# oil in filter on generator



## lupy (Jan 9, 2007)

Got this in trade to run a pellet stove and a fan when the power is out. It's a Kawasaki GD550A, suitcase generator. After a little clean up, it starts nice, and runs well, but it puts out a lot of oil down the breather into the filter. Maybe half an ounce in a 3hr run with 375watt load. I pulled the breather, which is a sealed unit, everything looks clean, no carbon. Using 30 wt oil, proper fill (can't overfill without tipping the unit) 

It's a vertical shaft 4cycle side valve. My initial guess is worn oil seal, I am going to do a comp check, but it seems to run fine, and dosn't smoke. Plug is a little black, as is the piston head.

Anyone have any luck with oil treatments? I hate to do a rebuild if it's just a stuck oil ring. It looks like it's sat for long periods in it's life. 

Any guess as to what proper compression should be?

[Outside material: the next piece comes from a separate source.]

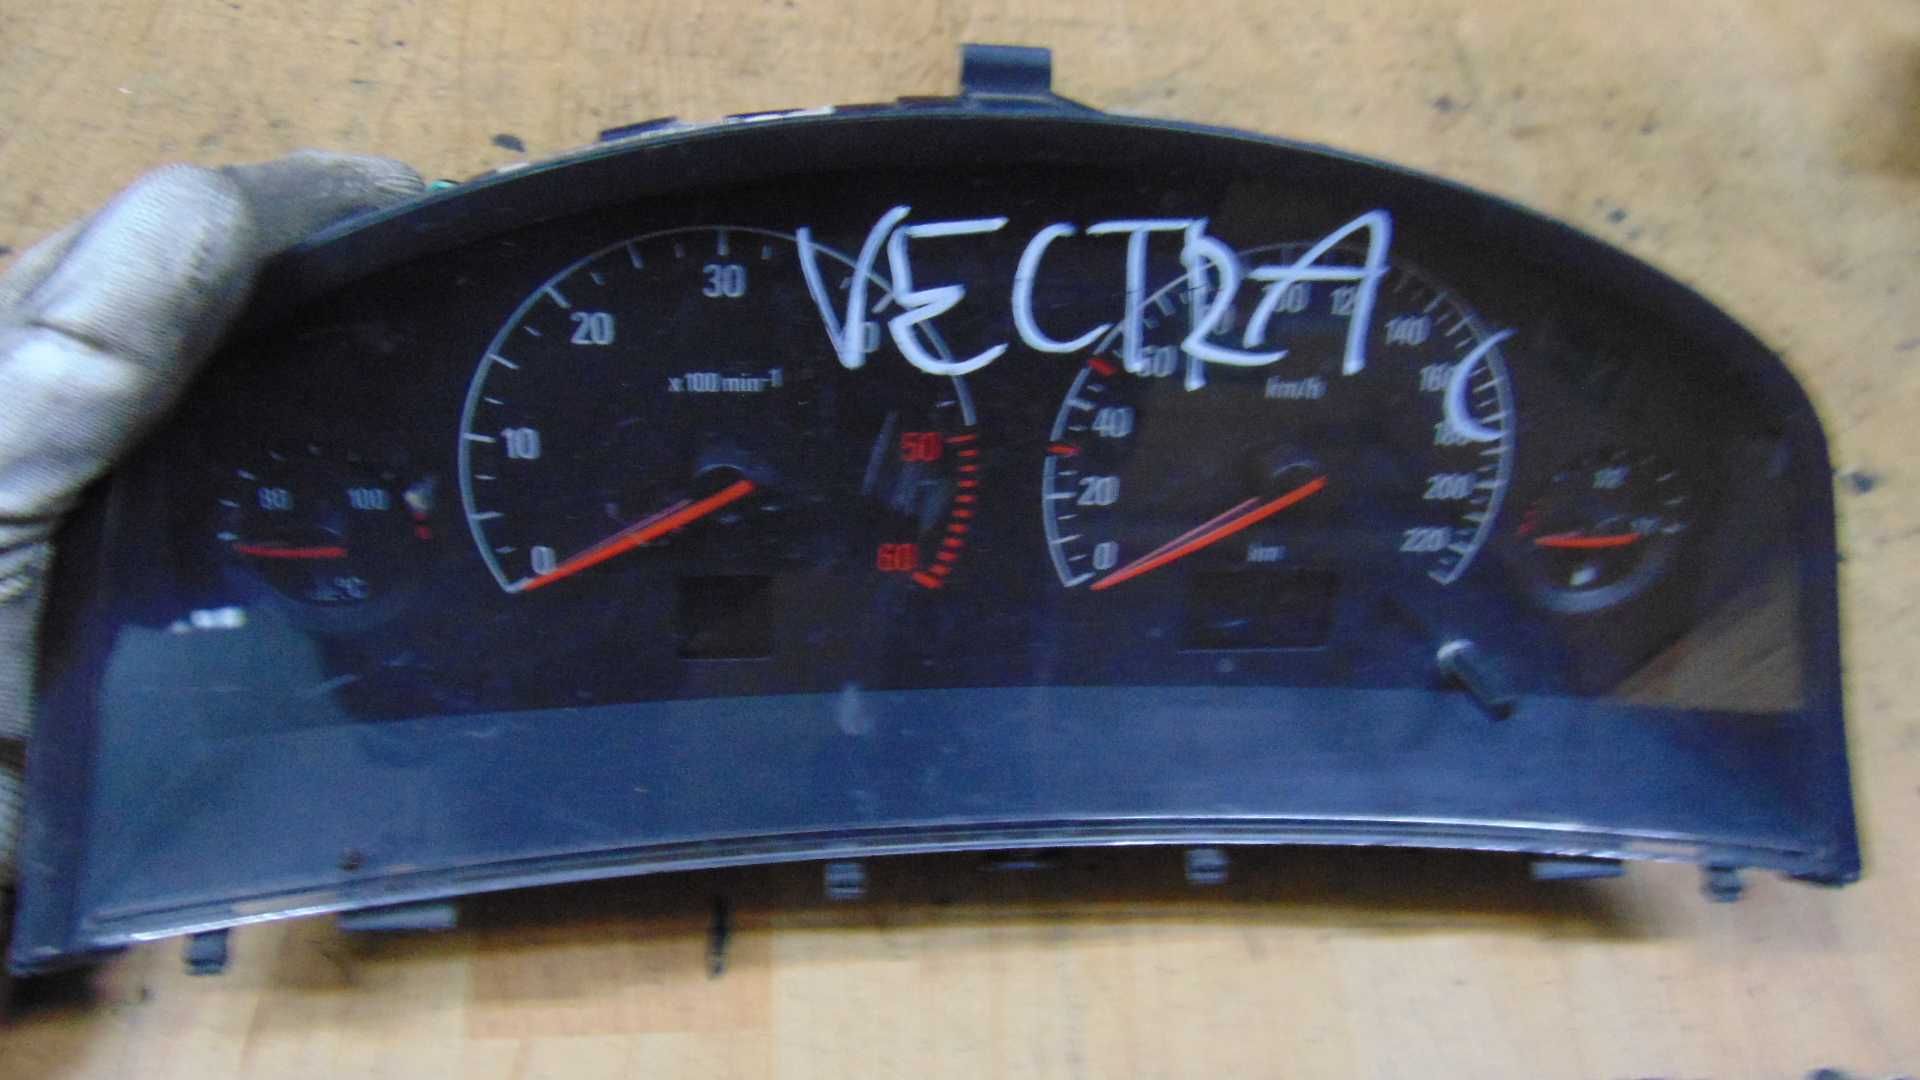 Sty4 Licznik zegary prędkościomierz opel vectra c wysyłka

Not really looking forward to rebuilding it, I may just put a seperator on it and run as is. 

Any help, ideas??

Thanks
Ken


----------



## bugman (Aug 12, 2004)

80 or higher is good on compression, but they will run with lower.
Check for loose seals (like say a dipstick seal)


----------



## lupy (Jan 9, 2007)

In my initial inspection, I found a leaky plug on the alternate dipstick location. Already sealed it, so that's not my problem. In any case, a leaky seal on the dipstick wouldn't cause oil in the crank case vent line. 
I checked the compression, and it's 95psi. The plug is running light brown, it was black when I got it. I am going to change the plug as I don't think it's the right one. 

The shop thought it might be running lean and over heating, causing thin oil to leak at the breather. I tore down an blew out the carb. It was really pretty clean, but jets are very small, so it's possible that was part of the problem. 

They didn't think it was a leaky oil ring allowing too much blow by, as it should be smoking, which it isn't. They also said that some crank case pressure is normal, and that I should be running 40wt not 30 wt, so hopefully that will help.

I will post again when I have more data.

Ken


----------



## Bill Hall (Jan 6, 2007)

*Tipsy!*

If your air filter is fouled its more than likely caused by tipping during transport or storage, if the motors tight, and your not overfilled. Especially as this is a suitcase unit! They are pretty easily tipped, laid on their side, or up ended and will foul the airbox/filter of you dont know better. A lot of shops make easy money cleaning airboxes, changing filters and burning out the exhaust. Seems like the old flatheads werent quite so bad but they'll still do it if tipped or inverted for a prolonged period. With the advent of OHV motors the problem seemed to get worse. Probably my imagination. Obviously if you've got more pressure than pulse at the breather then there's something up, but I really dont think so. Keep in mind that goo in the airbox is a fact of life with any air box vented, used internal cumbustion engine. Clean it all up change the filter and see. Half a fluid ounce over three hours is no great shakes. I sweat that much pulling a load in an hour and a half. LOL BH


----------



## lupy (Jan 9, 2007)

This is a follow up for anyone with the same problem, It was definetly not overfull, as when I tried to restart it the nixt time, the low oil light came on. I removed the breather line from the air box, and ran it through an old glass fuel bowl I had laying around. I initially had thought about building a trap which could then drain the oil back to the crank case, but after running it a while, I found that I was getting about 3 times as much water as oil. Definetly not something I wanted back in the case. 
I called dealers, no one really had any experiance with these, as they are pretty old, but one person said that 40wt was a good idea for these. I got some royal Purple 40 wt. $6 a qt, but it only takes a little over 1/3qt per oil change, so it's no big deal. I changed out to that and the volume of oil in the glass was much less. Still more than I wanted to dump on the ground, so I made a little brass fitting for the end of the breather line, this has a 3/32 id brass tube soldered on which re-directs anything coming out the breather line down the throat of the carb. I figure any moisture will still be vapor, and not a problem, and the small amount of oil can just burn up. I may foul plugs a little more, but I think I can live with that, at least for now. I also put a little oil absorbing mat in the bottom of the frame of the gen, just in case anything gets by. 

Ken


----------